Backcountry ski touring news.

Backcountry ski touring news.

As many of you know, we blog factory tours. You do see that sort of content elsewhere, but never as much as I’ve always assumed would flow from the vast universe of panting bloggers hovering over their keyboards like children picking ice cream flavors. But here is a terrific one, check out the camera to end all cameras.

I’ve been considering destinations for an April ski touring trip, with Europe in mind. Classic tours in the Alps are appealing, but we have heard wonderful things about the Pyrenees mountains, both France and Spain parts. Anyone suggest a classic hut-to-hut tour?

Uphill skiing at resorts is the news topic that keeps on giving. Jackson, Wyoming has a take.

You might want to track the skimo World Cup. Laetitia is amazing, and North Americans are in there.

Oh yeah, check our very own John Gaston at 27th in the recent Villars race! and 16th at Puy Saint Vincent! John is co-owner of Strafe outerwear, I wonder if he’s getting six figure sponsorship offers from European clothing brands anyhow?

Downer. It’s announced that no new sports will be added to the 2022 winter Olympics — thus ruining our hopes for skimo. More here. We were optimistic we’d be personal friends with a few skimo athletes and perhaps even travel to the Games for WildSnow press credentialed coverage. Shucks, I guess we’ll go anyway and fake it as curling journalists.

As a new wrinkle on ice bowling, curling mixed doubles made it into this winter’s Games and will presumably go again at the 2022 melee. Some of you may fail to believe it, but your friendly blogger actually did some curling in high school, when he came to the cruel reality that his ice hockey skills were not up to par. A sore tailbone was the only result, though he can testify it’s funner than it looks. I remain a skilled sweeper.

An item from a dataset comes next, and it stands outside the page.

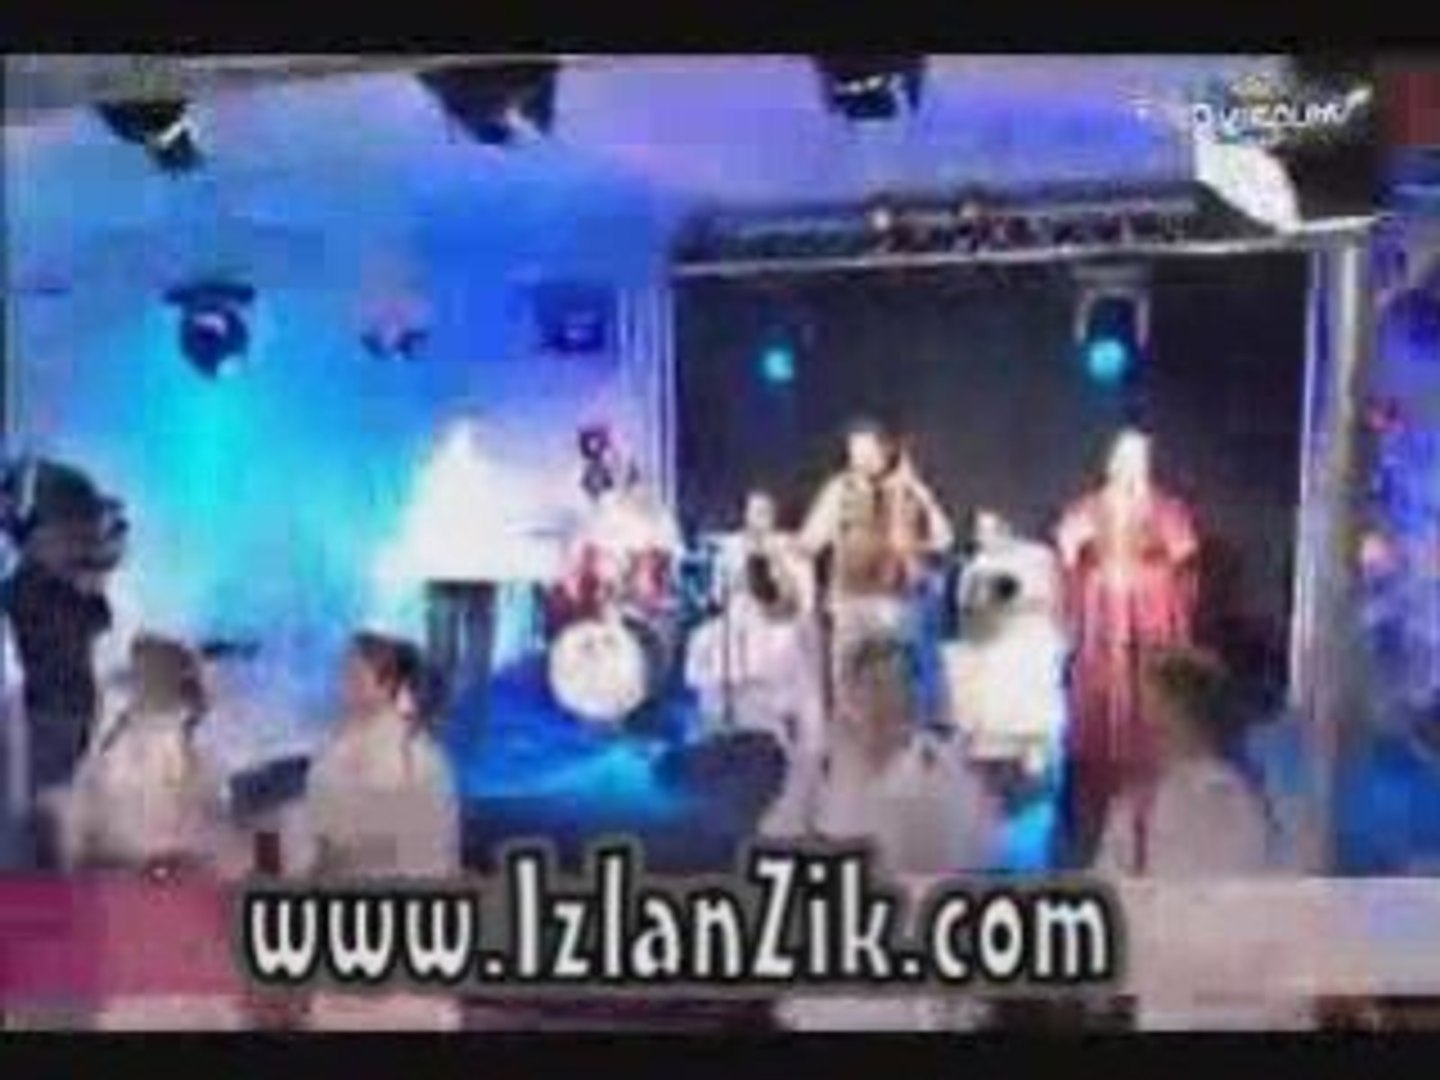 Ahouzar Abdelaziz 2008 - Asmoun - >> www.IzlanZik.com - Vidéo Dailymotion

I’m beginning to feel we need a WildSnow cannabis category, as we do originate in Colorado. Not that we’re advocating or going crazy with consumption, it’s just interesting as North American mountain towns have never been strangers to the leaf. Latest, during last tax period in Aspen town they actually sold more money’s worth of legal pot products than liquor store booze. That’s in my opinion quite an interesting economic factoid. More here.

Do you drink backcountry creek water direct from the stream, no purification? I’m of the opinion, based on a lot of experience, that doing so is unwise unless you’re in a very special place, for example quaffing a burbling brook in the high mountains of Norway. Slate magazine published a controversial article attempting to debunk the practice of wilderness water treatment. In my opinion a ridiculous effort at clickbait. So I won’t link to it (smile). Discover published a good rebuttal.

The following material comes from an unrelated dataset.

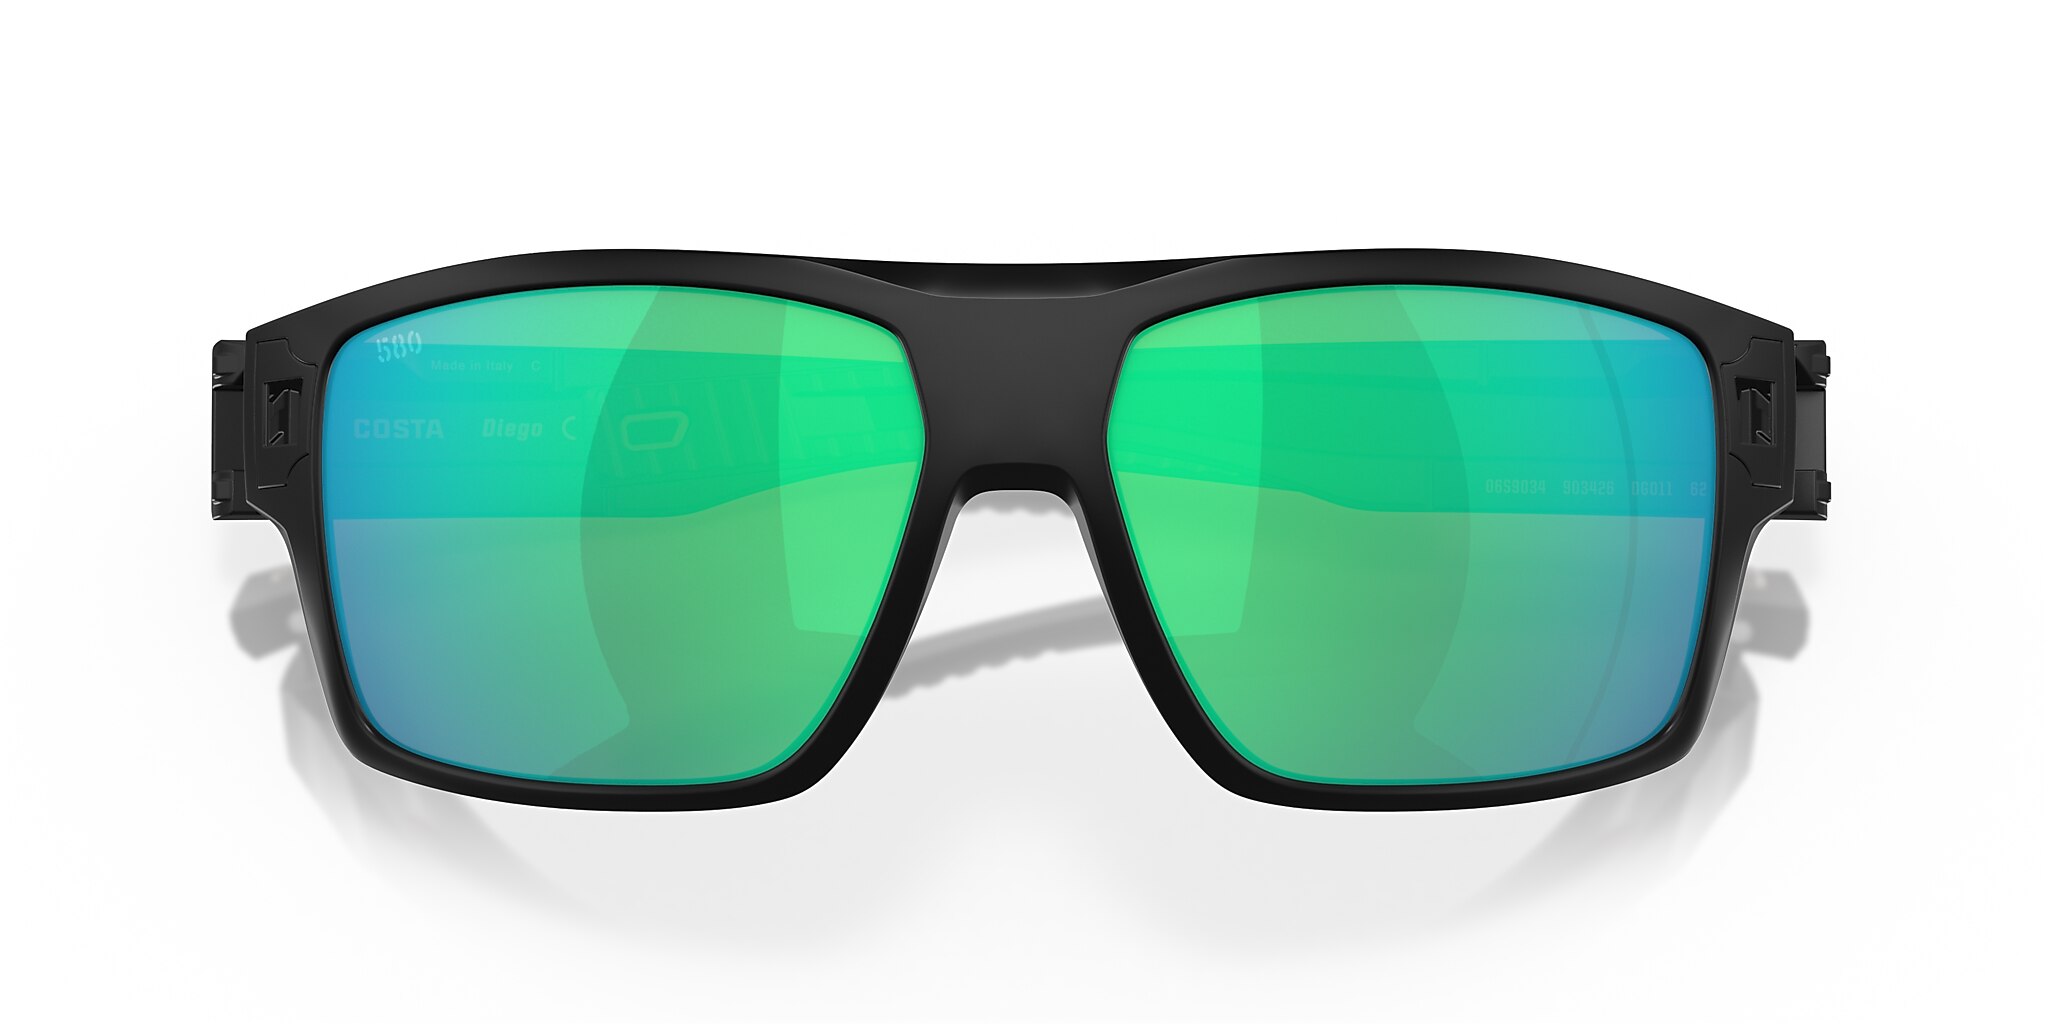 Diego Polarized Sunglasses in Green Mirror | Costa Del Mar®

Can’t leave a news roundup untouched by climate change. It’s amusing (and in the end sad) reading all the hand wringing about geo-engineering, that when we’re sitting here inadvertently engineering the climate every single second of every day.

I don’t pretend to be an expert on climate engineering and by no means am I advocating. But googling reveals an amazing amount of negativity regarding what could possibly get us out of the relentless march of global warming. It is strange to me that we can accidentally engineer our way into badness, but won’t devote extensive resources researching tools that might open the door to goodness. Truly, it sounds like some rich guy could just buy his own island and pump sulfur dioxide into the air for a few months, solve the problem. Your thoughts?

Oh, and more climate content. Thanks to one of our commenters, my attention is directed to this Vox interview with Paul Hawken listing what might actually be most effective in curing global warming. “Population control” advocates of course repeat ad nauseam “overpopulation is the problem” and there is logical truth to that — but the solutions always appear draconian (we need a new virus!).

Sounding a more reasonable note, Hawken claims that the simple acts of educating girls and family planning are easily up there in the top ten, due to mitigation of the population issue. Of course “education” and “planning” can easily trend to the draconian (e.g., China’s one-child policy, or the act of “educating” someone who’s beliefs don’t align). In any case, interesting to see this on the list and how the semantics evolve.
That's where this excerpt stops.